There has been quite a bit of research into the effects of games on the brain. For example, a study looking at the effects of playing Mario 64 by researchers from the Max Planck Institute for Human Development had very interesting findings. The research found that those who played at least 30 minutes of Mario 64 every day for two months grew significant amounts of new grey matter in three areas of the brain. The areas were correlated with spatial navigation, strategic planning, working memory, and motor performance. The control group who did not play Mario, didn’t have the same growth (their grey matter actually decreased; attributed to ageing). For a nice summary of the research,
click here.
However, what can games designers learn from research into the brain?
A fantastic article by Ben Lewis-Evans looks at research into dopamine. He concludes that while the research is interesting and may provide some insights, it is rarely applied and especially not to gaming. He thinks it would be more useful for games designers to use observational data from test subjects playing their game, than looking to neuroscience for answers. However he does say: “One exception could be that a theoretical neurological approach may be able to detect if a player was ‘wanting’ to play your game without consciously realising it (something that may indeed be possible)” and “All this said, if you are interested in knowing what your games may be doing to peoples brains, or perhaps you are working in serious games and want to see if games can improve (or worsen) brain function. Then, here, neuroscience can be valuable.”
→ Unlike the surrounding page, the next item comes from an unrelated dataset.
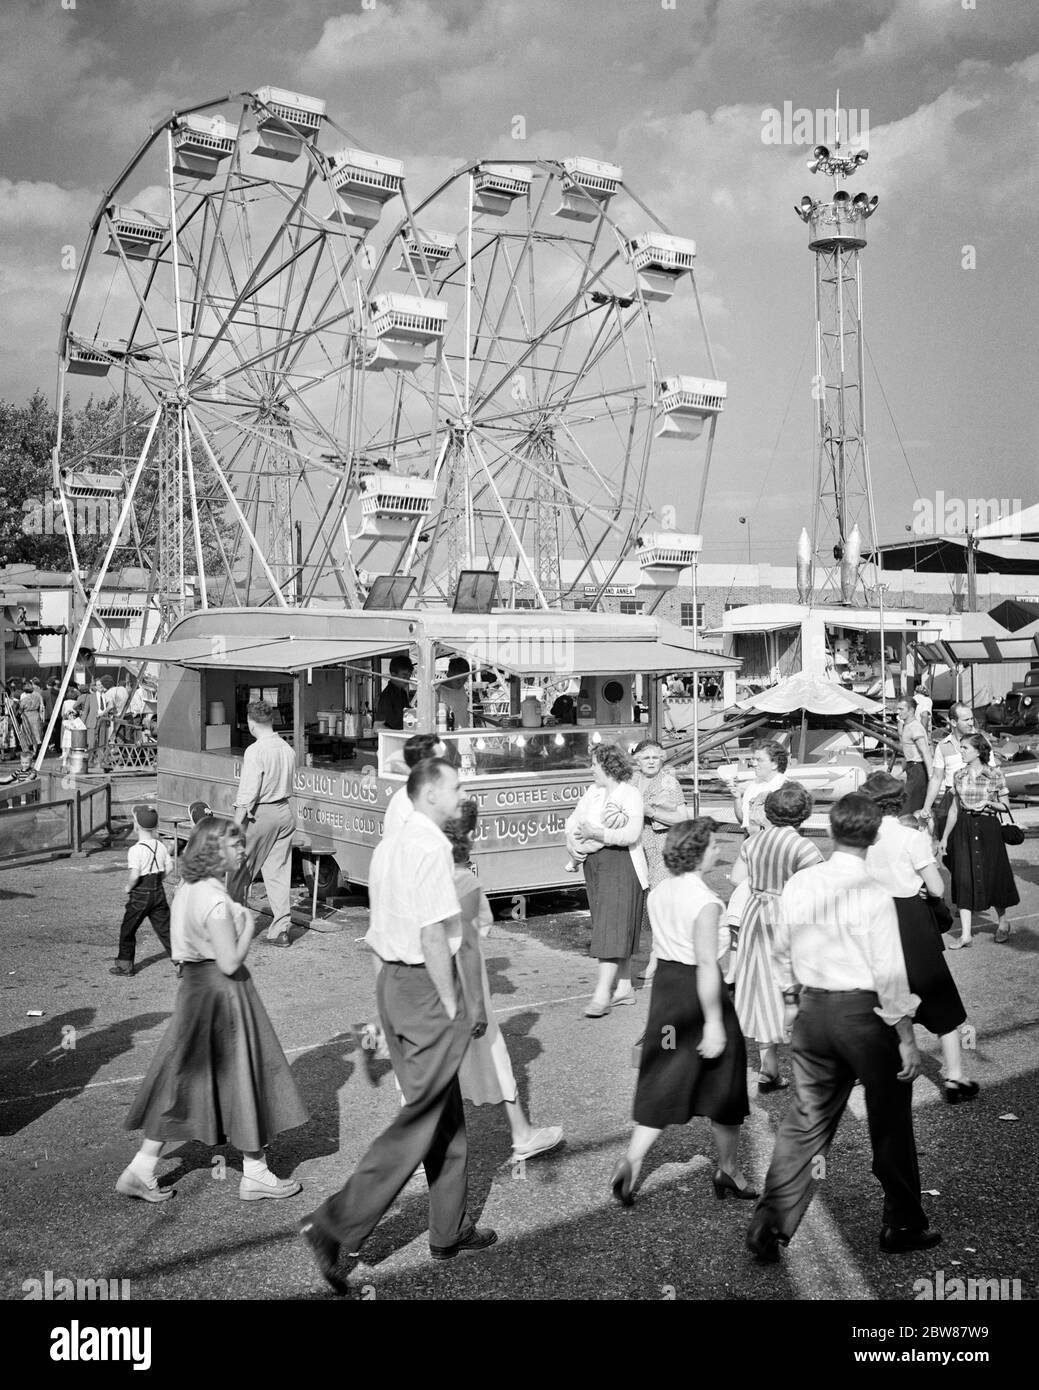 1950s CROWD MEN WOMEN TEENAGERS ATTENDING WALKING ON THE MIDWAY OF THE YORK COUNTY FAIR PENNSYLVANIA USA - f10591 HEL001 HARS JUVENILE MANY STYLE RIDE JOY LIFESTYLE CELEBRATION CROWDS FEMALES ASSEMBLY RURAL COPY SPACE FULL-LENGTH LADIES MASS COUNTY PERSONS MALES CARNIVAL ENTERTAINMENT SPECTATORS B&W GATHERING HAPPINESS ADVENTURE LEISURE EXCITEMENT PA RECREATION COMMONWEALTH VENDER CONCEPTUAL KEYSTONE STATE MIDWAY STYLISH TEENAGED ATTENDING CONCESSIONS JUVENILES RIDES THRONG AMUSEMENT PARK ATTENDANCE BLACK AND WHITE CAUCASIAN ETHNICITY FERRIS WHEEL OLD FASHIONED Stock Photo

While this seems negative, it is a powerful insight. Ben discusses how people both over-use and over-trust the prefix ‘neuro’. He urges us to be ‘neuroskeptical’ and not think something is more worthwhile just because it sounds scientific and important. He thinks that while research into the brain may improve and be more useful in the future, at the moment it might be better to stick with observing people’s behaviours. And what is wrong with that? Most games designers won’t have access to laboratories and MRI scanners. So, if games designers can try and use some premises of neuroscience, along with common understandings of people’s behaviours and observations, they should be suitably well informed where the brain is concerned. And, if researchers do try to see the serious effects of games (as in the example above), that is great and could help to fill in some of the blanks and provide much sought after ‘evidence’ that games can have serious learning outcomes.
Ben also lists some of the findings from non-neuro research into the preferences/motivations etc. of gamers, which provide powerful insight and help for games designers. Just because these findings weren’t obtained through peoples’ brains being hooked up to a machine, they are no less of an insight into the mind’s inner workings and human behaviour. For example:
- Rewards that are unpredictable (loot drops) are generally more motivating than rewards that are predictable (100 xp per monster).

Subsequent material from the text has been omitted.